Noam Tirosh, Ben-Gurion University of the Negev / Northwestern University
Amit Schejter, Ben Gurion University of the Negev / Penn State University
Obviously, each new appearance among men stands in need of a new word, whether a new word is coined to cover the experience or an old word is used and given an entirely new meaning. (Hannah Arendt, On Revolution, 1963, p. 25-26)
The new media revolution is a common metaphor often used to describe the contemporary communication ecosystem. Indeed, metaphors, images, similes and imaginaries are crucial to the way we understand the world we live in. Individual and collective imagination, metaphors and other linguistic devices act as discursive building blocks when members within a society interpret and cope with the reality surrounding them. New phenomena, in Arendt’s (1963) words, are in need “of a new word”.

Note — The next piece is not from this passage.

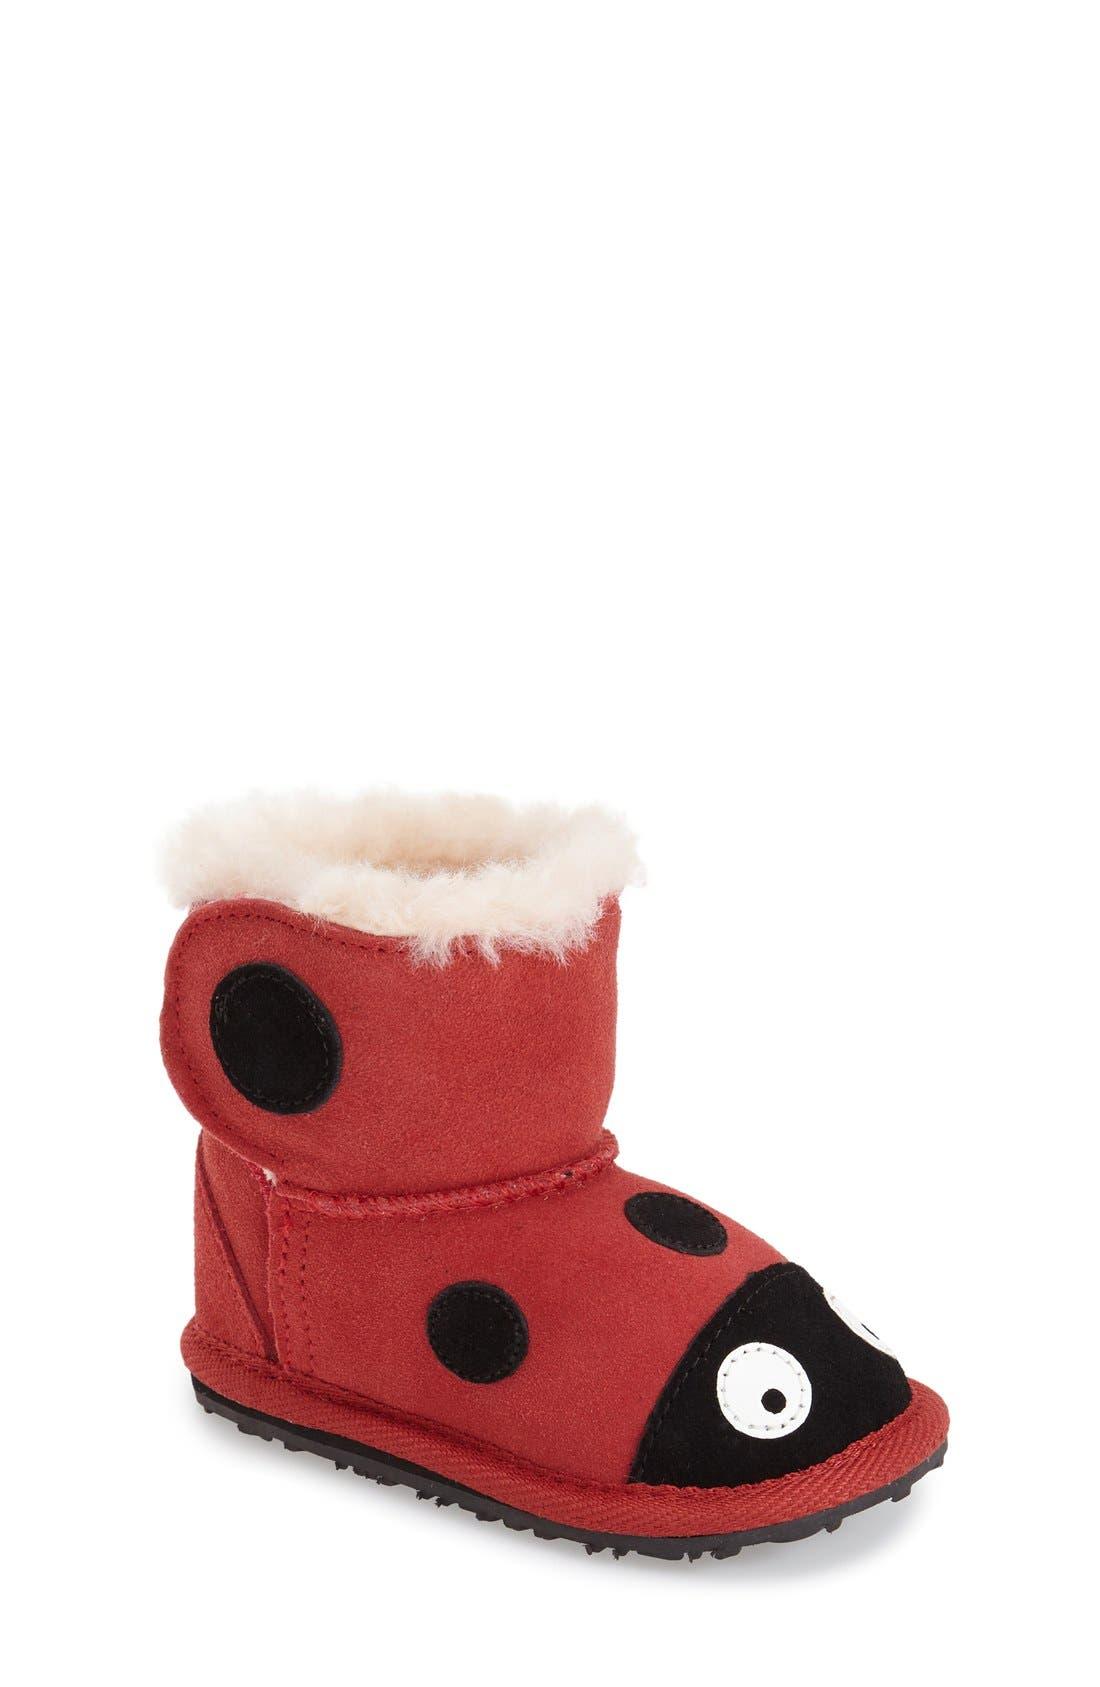 Main Image - EMU Australia 'Ladybug' Boot (Baby & Walker)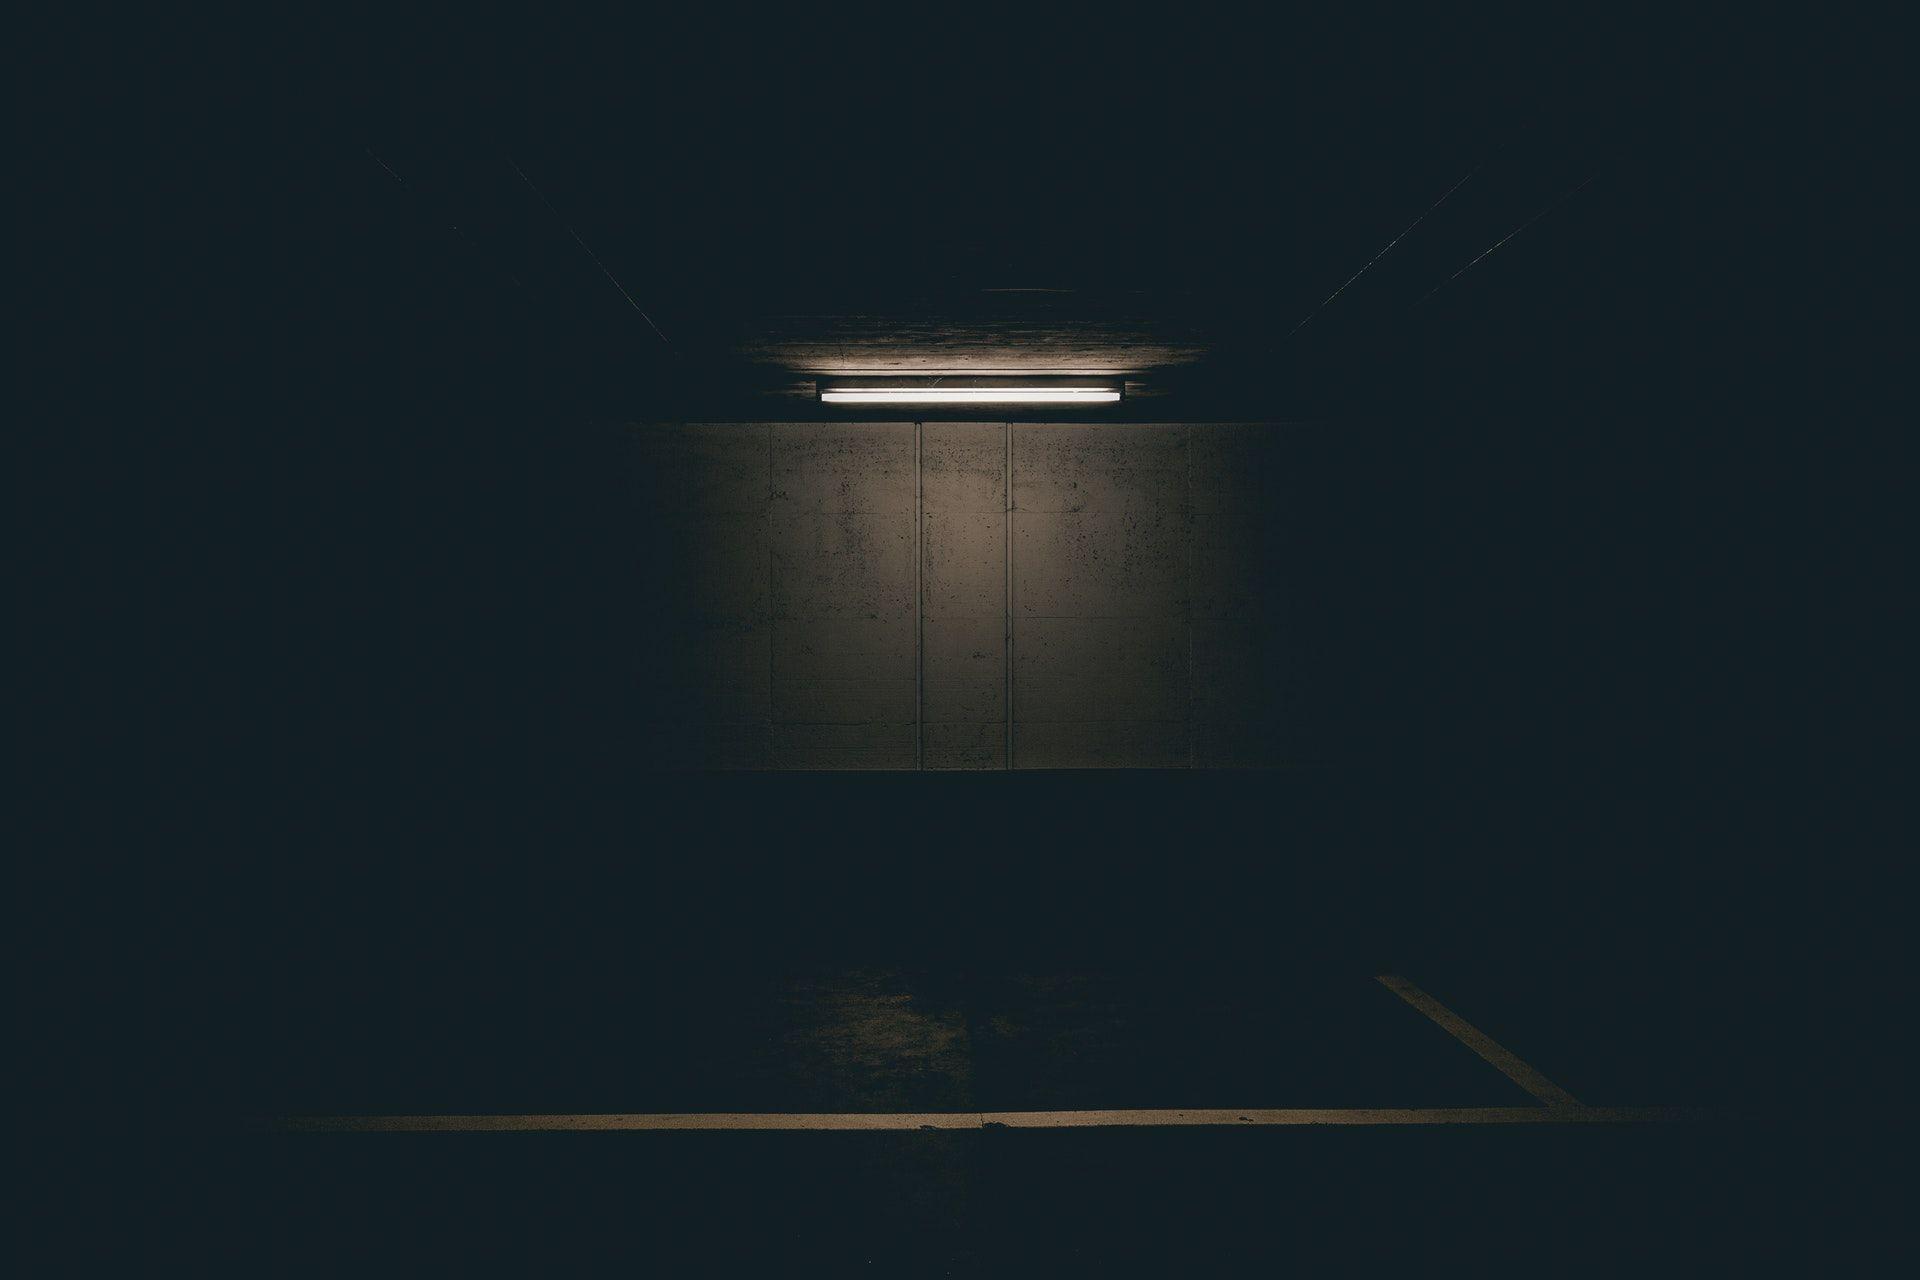 عکس زمینه لامپ فلورسنت در تاریکی پس زمینه

These discursive constructions may also influence the process of designing information policy. The history of media regulation is replete with images such as the marketplace of ideas, the information superhighway, the digital divide and cyberspace. Descriptions, comparisons and representations serve to simplify an explanation and to illustrate what words sometimes cannot. At the same time, they are often used in order to obscure the ideological tenets that are at play when shaping and extracting policies. In this short essay, we focus on the new media revolution metaphor and how it influences the way individuals, groups and policy makers interpret the mediated reality they operate in.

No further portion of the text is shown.